[Start of Attachment]

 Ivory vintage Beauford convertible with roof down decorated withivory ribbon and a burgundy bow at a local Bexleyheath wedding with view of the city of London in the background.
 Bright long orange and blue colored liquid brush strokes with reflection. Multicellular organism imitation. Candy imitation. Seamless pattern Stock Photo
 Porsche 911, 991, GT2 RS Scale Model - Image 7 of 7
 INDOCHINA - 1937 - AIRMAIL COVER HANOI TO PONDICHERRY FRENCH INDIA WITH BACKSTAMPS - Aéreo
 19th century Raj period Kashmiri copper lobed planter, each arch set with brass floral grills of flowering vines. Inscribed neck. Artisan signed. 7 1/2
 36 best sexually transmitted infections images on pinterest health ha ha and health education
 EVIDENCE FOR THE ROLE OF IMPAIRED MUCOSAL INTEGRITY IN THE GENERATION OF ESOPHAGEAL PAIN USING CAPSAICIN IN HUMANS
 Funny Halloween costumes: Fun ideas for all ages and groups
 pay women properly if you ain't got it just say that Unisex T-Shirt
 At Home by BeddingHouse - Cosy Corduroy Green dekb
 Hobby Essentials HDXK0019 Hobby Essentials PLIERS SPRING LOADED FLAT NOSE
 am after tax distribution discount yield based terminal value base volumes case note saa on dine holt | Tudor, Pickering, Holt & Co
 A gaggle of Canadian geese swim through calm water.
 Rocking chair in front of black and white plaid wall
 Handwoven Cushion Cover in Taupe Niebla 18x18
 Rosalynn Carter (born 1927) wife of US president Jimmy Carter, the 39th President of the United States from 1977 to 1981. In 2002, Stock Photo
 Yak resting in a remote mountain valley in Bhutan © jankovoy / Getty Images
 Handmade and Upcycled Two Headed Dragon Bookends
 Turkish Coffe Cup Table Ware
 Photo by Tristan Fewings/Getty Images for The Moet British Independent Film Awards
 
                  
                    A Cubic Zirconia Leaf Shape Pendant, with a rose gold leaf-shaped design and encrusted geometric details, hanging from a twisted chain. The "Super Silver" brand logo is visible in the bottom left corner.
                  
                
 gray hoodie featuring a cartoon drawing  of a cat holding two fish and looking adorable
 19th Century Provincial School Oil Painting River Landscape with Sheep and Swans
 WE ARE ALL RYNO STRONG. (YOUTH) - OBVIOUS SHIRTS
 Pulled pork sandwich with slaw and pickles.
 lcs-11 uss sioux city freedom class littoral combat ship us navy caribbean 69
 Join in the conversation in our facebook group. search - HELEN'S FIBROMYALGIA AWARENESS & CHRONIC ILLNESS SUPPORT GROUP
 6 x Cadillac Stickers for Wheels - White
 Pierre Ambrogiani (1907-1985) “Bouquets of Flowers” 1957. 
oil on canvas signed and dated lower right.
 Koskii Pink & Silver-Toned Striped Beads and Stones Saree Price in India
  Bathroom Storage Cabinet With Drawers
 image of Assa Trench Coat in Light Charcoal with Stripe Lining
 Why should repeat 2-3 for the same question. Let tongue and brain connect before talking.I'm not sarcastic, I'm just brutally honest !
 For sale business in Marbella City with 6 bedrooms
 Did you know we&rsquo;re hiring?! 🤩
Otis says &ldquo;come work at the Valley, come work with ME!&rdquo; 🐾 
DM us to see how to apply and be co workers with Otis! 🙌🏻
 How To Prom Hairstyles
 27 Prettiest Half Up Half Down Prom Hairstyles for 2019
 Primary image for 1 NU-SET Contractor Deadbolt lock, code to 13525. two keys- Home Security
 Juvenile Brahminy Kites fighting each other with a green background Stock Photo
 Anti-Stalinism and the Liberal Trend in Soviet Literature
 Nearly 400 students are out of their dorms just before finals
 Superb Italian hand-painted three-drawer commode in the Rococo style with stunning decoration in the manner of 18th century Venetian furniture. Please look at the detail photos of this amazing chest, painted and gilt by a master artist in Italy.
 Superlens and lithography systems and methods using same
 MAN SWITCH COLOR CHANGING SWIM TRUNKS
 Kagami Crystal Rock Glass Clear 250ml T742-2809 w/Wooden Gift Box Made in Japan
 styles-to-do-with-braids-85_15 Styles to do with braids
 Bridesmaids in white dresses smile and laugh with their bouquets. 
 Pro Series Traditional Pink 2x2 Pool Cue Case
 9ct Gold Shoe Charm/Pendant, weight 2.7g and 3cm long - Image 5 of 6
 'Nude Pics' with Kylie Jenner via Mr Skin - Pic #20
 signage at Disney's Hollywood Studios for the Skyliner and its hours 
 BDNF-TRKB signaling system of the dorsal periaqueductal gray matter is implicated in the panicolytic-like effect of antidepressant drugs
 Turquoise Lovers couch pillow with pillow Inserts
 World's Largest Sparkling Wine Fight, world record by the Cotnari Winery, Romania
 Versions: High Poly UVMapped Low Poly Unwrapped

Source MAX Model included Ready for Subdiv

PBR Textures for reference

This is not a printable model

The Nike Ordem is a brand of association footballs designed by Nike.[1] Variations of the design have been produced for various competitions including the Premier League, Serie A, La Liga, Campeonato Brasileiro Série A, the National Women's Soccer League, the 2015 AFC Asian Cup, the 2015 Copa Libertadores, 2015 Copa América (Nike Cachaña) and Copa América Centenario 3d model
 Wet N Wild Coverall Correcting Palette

[End of Attachment]

Work to be completed — Would you output all the records above exactly as written?

Answer below —
 Ivory vintage Beauford convertible with roof down decorated withivory ribbon and a burgundy bow at a local Bexleyheath wedding with view of the city of London in the background.
 Bright long orange and blue colored liquid brush strokes with reflection. Multicellular organism imitation. Candy imitation. Seamless pattern Stock Photo
 Porsche 911, 991, GT2 RS Scale Model - Image 7 of 7
 INDOCHINA - 1937 - AIRMAIL COVER HANOI TO PONDICHERRY FRENCH INDIA WITH BACKSTAMPS - Aéreo
 19th century Raj period Kashmiri copper lobed planter, each arch set with brass floral grills of flowering vines. Inscribed neck. Artisan signed. 7 1/2
 36 best sexually transmitted infections images on pinterest health ha ha and health education
 EVIDENCE FOR THE ROLE OF IMPAIRED MUCOSAL INTEGRITY IN THE GENERATION OF ESOPHAGEAL PAIN USING CAPSAICIN IN HUMANS
 Funny Halloween costumes: Fun ideas for all ages and groups
 pay women properly if you ain't got it just say that Unisex T-Shirt
 At Home by BeddingHouse - Cosy Corduroy Green dekb
 Hobby Essentials HDXK0019 Hobby Essentials PLIERS SPRING LOADED FLAT NOSE
 am after tax distribution discount yield based terminal value base volumes case note saa on dine holt | Tudor, Pickering, Holt & Co
 A gaggle of Canadian geese swim through calm water.
 Rocking chair in front of black and white plaid wall
 Handwoven Cushion Cover in Taupe Niebla 18x18
 Rosalynn Carter (born 1927) wife of US president Jimmy Carter, the 39th President of the United States from 1977 to 1981. In 2002, Stock Photo
 Yak resting in a remote mountain valley in Bhutan © jankovoy / Getty Images
 Handmade and Upcycled Two Headed Dragon Bookends
 Turkish Coffe Cup Table Ware
 Photo by Tristan Fewings/Getty Images for The Moet British Independent Film Awards
 
                  
                    A Cubic Zirconia Leaf Shape Pendant, with a rose gold leaf-shaped design and encrusted geometric details, hanging from a twisted chain. The "Super Silver" brand logo is visible in the bottom left corner.
                  
                
 gray hoodie featuring a cartoon drawing  of a cat holding two fish and looking adorable
 19th Century Provincial School Oil Painting River Landscape with Sheep and Swans
 WE ARE ALL RYNO STRONG. (YOUTH) - OBVIOUS SHIRTS
 Pulled pork sandwich with slaw and pickles.
 lcs-11 uss sioux city freedom class littoral combat ship us navy caribbean 69
 Join in the conversation in our facebook group. search - HELEN'S FIBROMYALGIA AWARENESS & CHRONIC ILLNESS SUPPORT GROUP
 6 x Cadillac Stickers for Wheels - White
 Pierre Ambrogiani (1907-1985) “Bouquets of Flowers” 1957. 
oil on canvas signed and dated lower right.
 Koskii Pink & Silver-Toned Striped Beads and Stones Saree Price in India
  Bathroom Storage Cabinet With Drawers
 image of Assa Trench Coat in Light Charcoal with Stripe Lining
 Why should repeat 2-3 for the same question. Let tongue and brain connect before talking.I'm not sarcastic, I'm just brutally honest !
 For sale business in Marbella City with 6 bedrooms
 Did you know we&rsquo;re hiring?! 🤩
Otis says &ldquo;come work at the Valley, come work with ME!&rdquo; 🐾 
DM us to see how to apply and be co workers with Otis! 🙌🏻
 How To Prom Hairstyles
 27 Prettiest Half Up Half Down Prom Hairstyles for 2019
 Primary image for 1 NU-SET Contractor Deadbolt lock, code to 13525. two keys- Home Security
 Juvenile Brahminy Kites fighting each other with a green background Stock Photo
 Anti-Stalinism and the Liberal Trend in Soviet Literature
 Nearly 400 students are out of their dorms just before finals
 Superb Italian hand-painted three-drawer commode in the Rococo style with stunning decoration in the manner of 18th century Venetian furniture. Please look at the detail photos of this amazing chest, painted and gilt by a master artist in Italy.
 Superlens and lithography systems and methods using same
 MAN SWITCH COLOR CHANGING SWIM TRUNKS
 Kagami Crystal Rock Glass Clear 250ml T742-2809 w/Wooden Gift Box Made in Japan
 styles-to-do-with-braids-85_15 Styles to do with braids
 Bridesmaids in white dresses smile and laugh with their bouquets. 
 Pro Series Traditional Pink 2x2 Pool Cue Case
 9ct Gold Shoe Charm/Pendant, weight 2.7g and 3cm long - Image 5 of 6
 'Nude Pics' with Kylie Jenner via Mr Skin - Pic #20
 signage at Disney's Hollywood Studios for the Skyliner and its hours 
 BDNF-TRKB signaling system of the dorsal periaqueductal gray matter is implicated in the panicolytic-like effect of antidepressant drugs
 Turquoise Lovers couch pillow with pillow Inserts
 World's Largest Sparkling Wine Fight, world record by the Cotnari Winery, Romania
 Versions: High Poly UVMapped Low Poly Unwrapped

Source MAX Model included Ready for Subdiv

PBR Textures for reference

This is not a printable model

The Nike Ordem is a brand of association footballs designed by Nike.[1] Variations of the design have been produced for various competitions including the Premier League, Serie A, La Liga, Campeonato Brasileiro Série A, the National Women's Soccer League, the 2015 AFC Asian Cup, the 2015 Copa Libertadores, 2015 Copa América (Nike Cachaña) and Copa América Centenario 3d model
 Wet N Wild Coverall Correcting Palette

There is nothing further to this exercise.